All have inverted V shaped "flavorizer" bars that cover and protect the burners while vaporizing drips and turning them into flavor that gets back up onto the meat. Except for the Q line, all either come with a rotisserie or you can order one as a factory accessory.
Weber gas grills come in four basic flavors, Q, Spirit, Genesis II, and Summit, each with several configurations. Models starting with an "E" are built with Weber's sturdy porcelainized enamel coated steel, and those starting with an "S" are mostly stainless steel.

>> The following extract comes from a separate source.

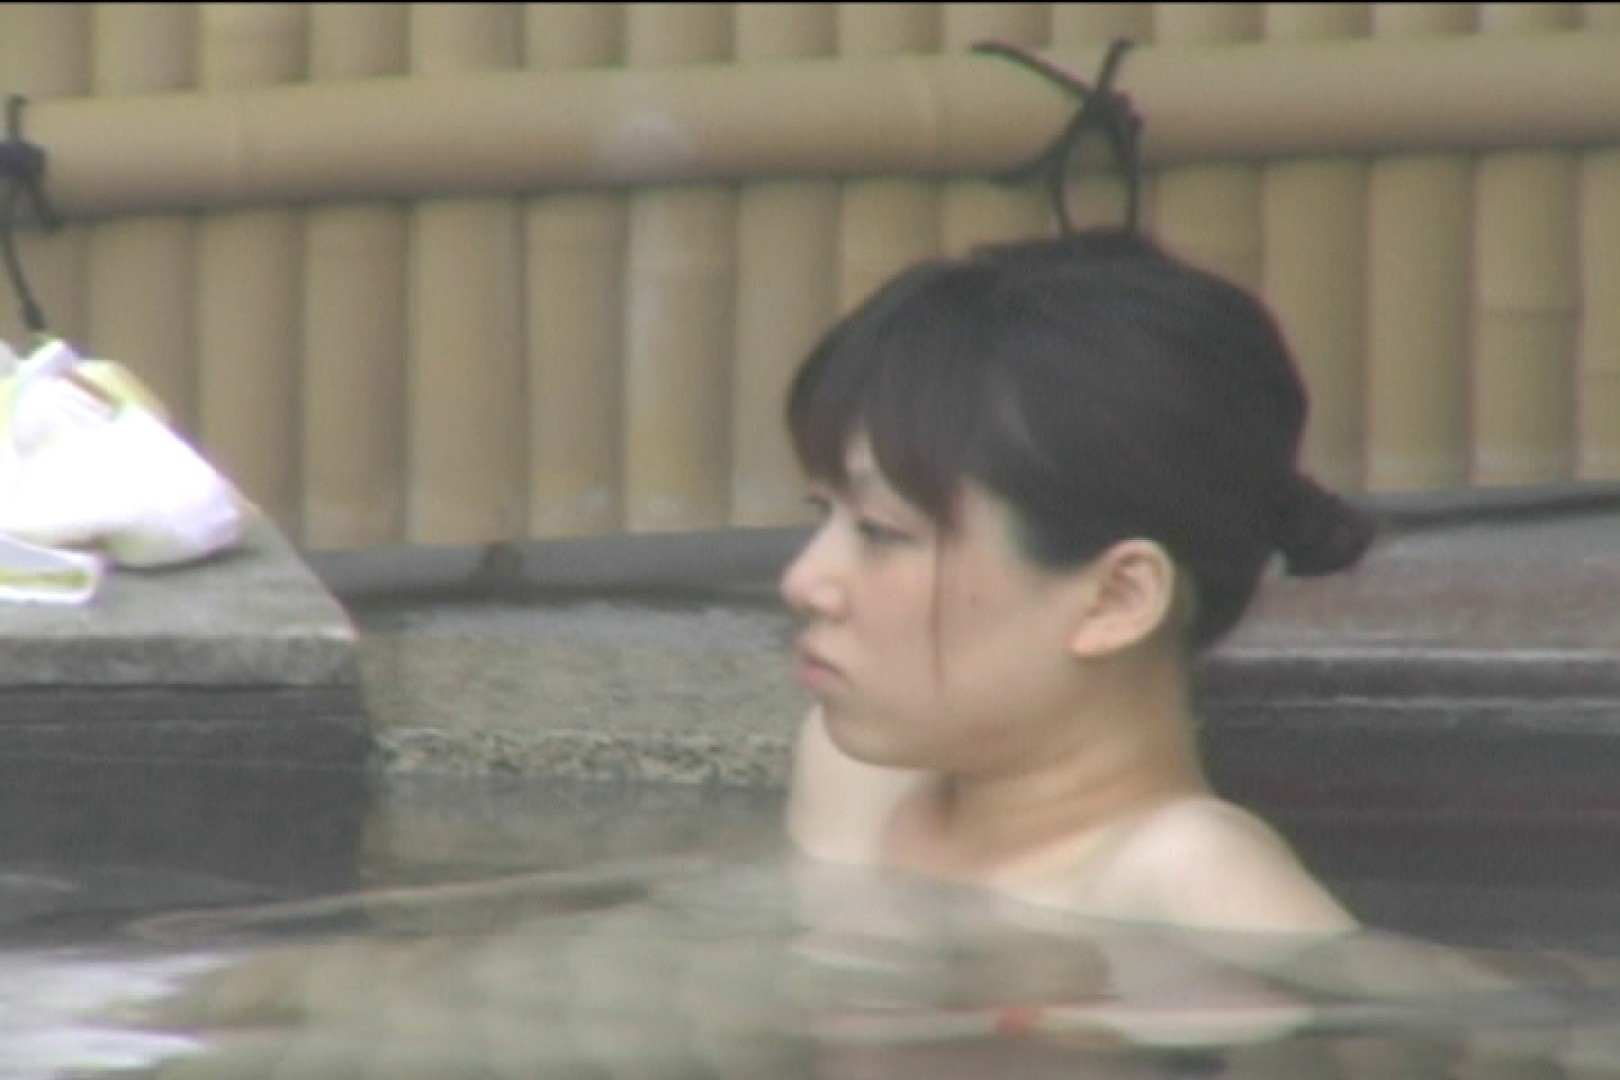 Aquaな露天風呂Vol.121 美しいOLの裸体   露天風呂突入  105pic 40

Much has been made of 430 and 304 stainless steel: the two most popular grades used by grill manufacturers. Many other inexpensive brands use very thin, low cost 430 stainless to get that shiny showroom floor look. Premium grill makers tout their use of higher quality, higher priced 304 stainless. At some point, Weber decided to switch from 304 to 430. Although 304 is superior, 430 can work just fine if it is a thick gauge like Weber uses, but it is not as durable and one has to expect the life of the grill will be shortened. Will this decision could come back to haunt the castle in Palatine? Only time will tell. Alas, it does not appear Weber's prices were reduced to reflect the cost savings realized with this change.